All lessons feature numerous solved examples, frequently illustrating how Wolfram Language functionality can be applied to different special functions.

Lesson videos are 7–19 minutes in length and are accompanied by transcript notebooks. These notebooks can be viewed in the browser or downloaded, allowing students to experiment with the examples directly in a scratch notebook on the same webpage as the video. Students who subscribe to Wolfram Notebook Assistant + LLM Kit have access to the AI Course Assistant for getting extra help with questions and coding examples to further explore the concepts in the course.

Exercises

Each lesson contains five or more exercises that review the material covered. Solutions are provided—most often in the form of Wolfram Language code—along with explanations and mathematical derivations. Exercises are a key part of the learning experience, as they reinforce and expand upon the concepts presented in each lesson. Some exercise sets include advanced problems to provide students with a deeper theoretical understanding of the topic. These advanced exercises often dive further into the theory and explore subjects not covered in the videos or notebooks.

For example, the following is an exercise from Lesson 4.

Students can experiment with Wolfram Language notebooks and try variations of the exercises or adapt the code to their own explorations.

Quizzes

The 29 course lessons are organized into nine sections. Each section concludes with a quiz containing multiple-choice and free-response questions that review the material covered. The difficulty level is sometimes lower than that of the lesson exercises because the quizzes are designed primarily to help students reinforce the key points of each section.

The quizzes provide immediate feedback on the correctness of answers.

Students are encouraged to use any method to solve the quiz problems—whether by hand or with Wolfram Language. For convenience, a scratch notebook is available on the bottom of each quiz webpage.

Course Review

One of the challenges in studying special functions is that the subject is both advanced and rarely taught in a systematic way at universities. It requires mastering a wide range of new concepts and approaches in a relatively short time. Bringing all of these ideas together in one place has traditionally been difficult.

To address this, the course concludes with a special review lesson, “Special Functions in a Nutshell.” This bonus material serves as a concise, ready-to-use interactive handbook that brings together the main groups of special functions. It is designed to help students review and connect the material, providing a unique resource that opens up enormous potential for further study and applications.

Course Certificate

Students who finish the course and pass all the quizzes earn a certificate of completion:

Passing the final exam entitles the student to a Level 1 certification for proficiency in special functions. It’s easy to track which videos you’ve completed and the status of your quizzes and exam by using the “Track My Progress” section of the course. Your shareable certificates are automatically generated and immediately available to you upon completing the requirements.

Acknowledgements

I would like to sincerely thank Devendra Kapadia, Anisha Basil, Aram Manaselyan, Paul Abbott, Anush Sargsyan, Joyce Tracewell, Cassidy Hinkle, Jamie Peterson, Adam Bramowicz, Bob Owens, Ryan Domier, Tim Shedelbower, Avery Ewing, Roberto Martinez, Arben Kalziqi, Laura Millar and Mariel Laugesen for their work on various aspects of the course, including valuable and insightful discussions in shaping the material. I am also deeply grateful to my family for their unwavering support and patience throughout the development of this course.

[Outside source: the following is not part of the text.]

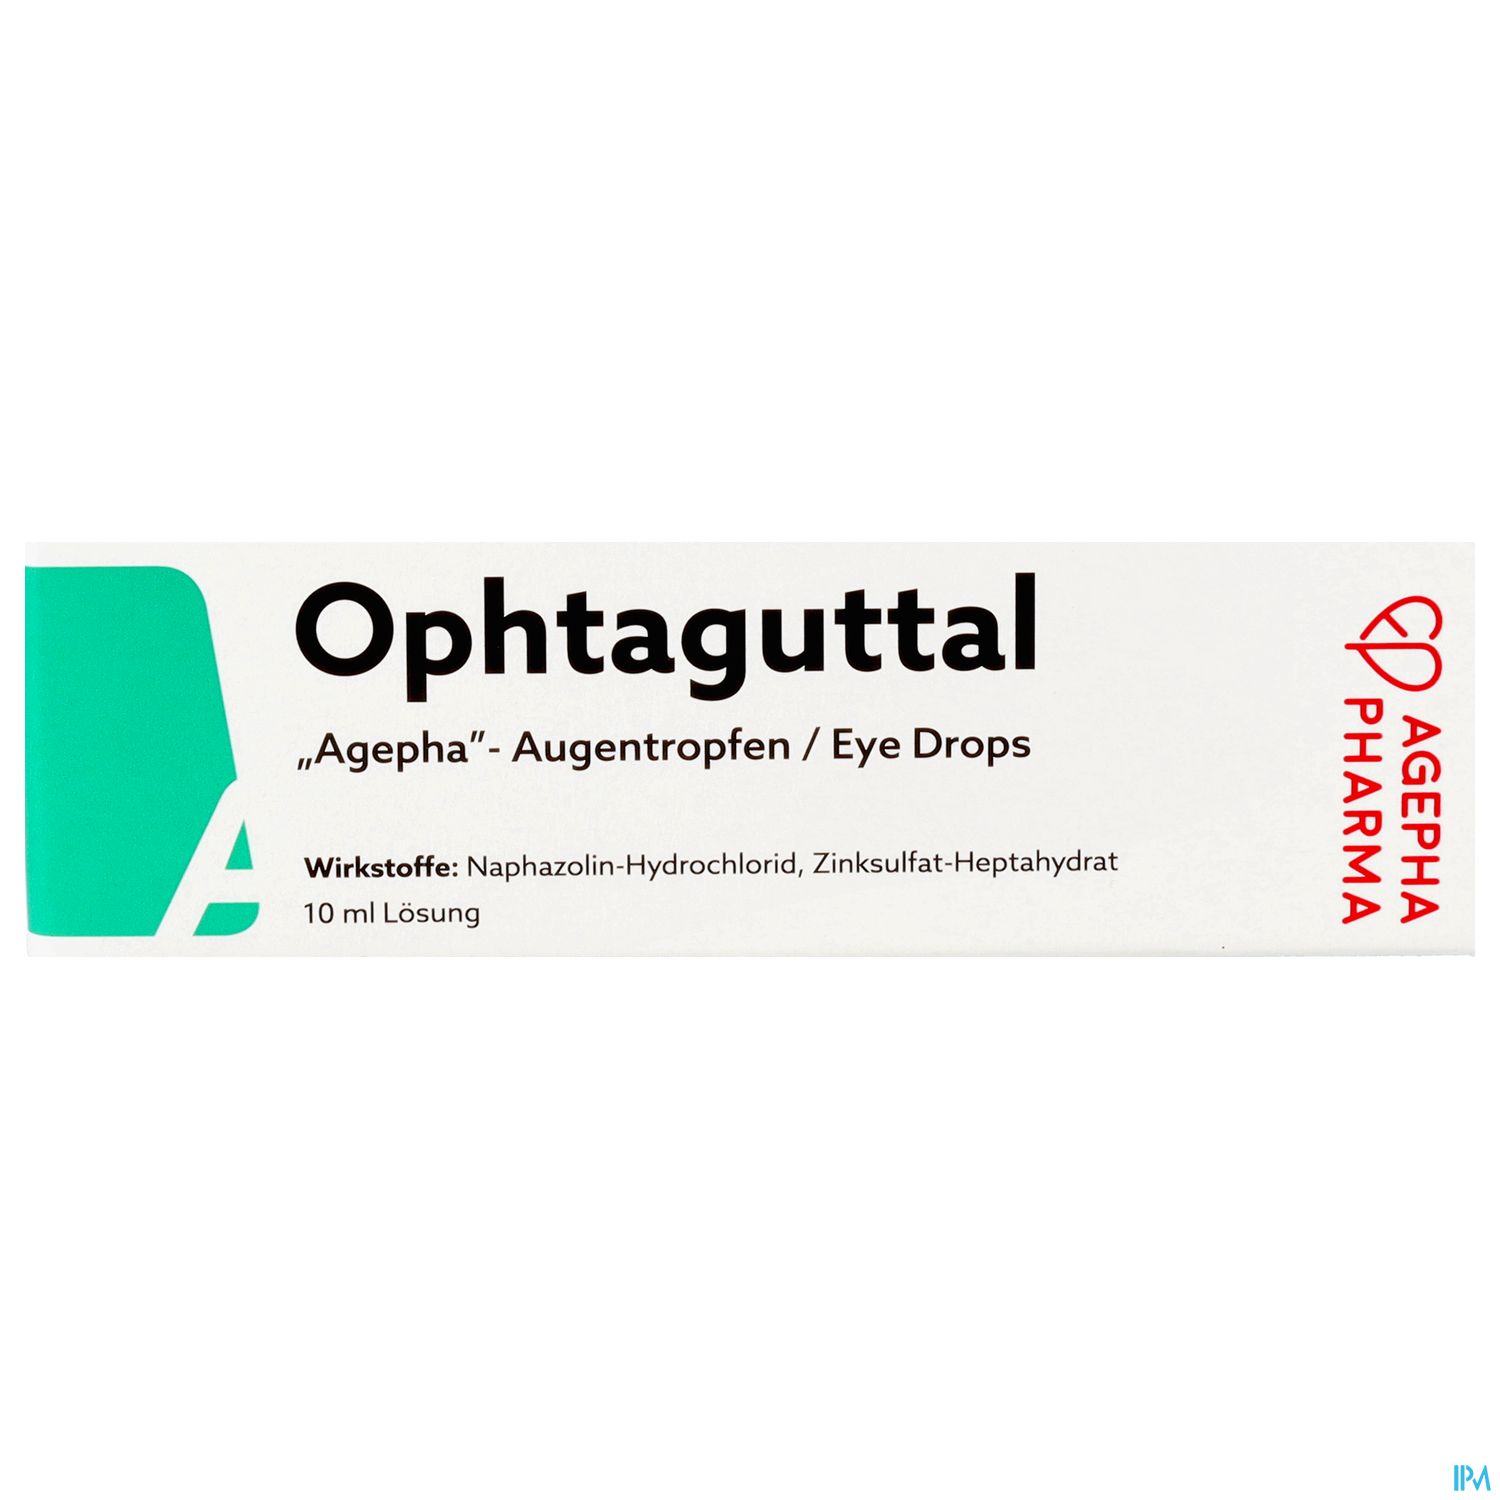 Ophthaguttal "Agepha" - Augentropfen

Finally, I would like to express my sincere gratitude to all the researchers and developers who have contributed to the special functions project in Wolfram Language over the past four decades—among them Stephen Wolfram, Jerry Keiper, Roger Germundsson, Oleg Marichev, Michael Trott, Victor Adamchik, Daniel Lichtblau, Sasha Pavlyk, Bhuvanesh Bhatt, Jan Mangaldan and many others. Their work has made this field what it is today, and I am truly thankful for their dedication and inspiration.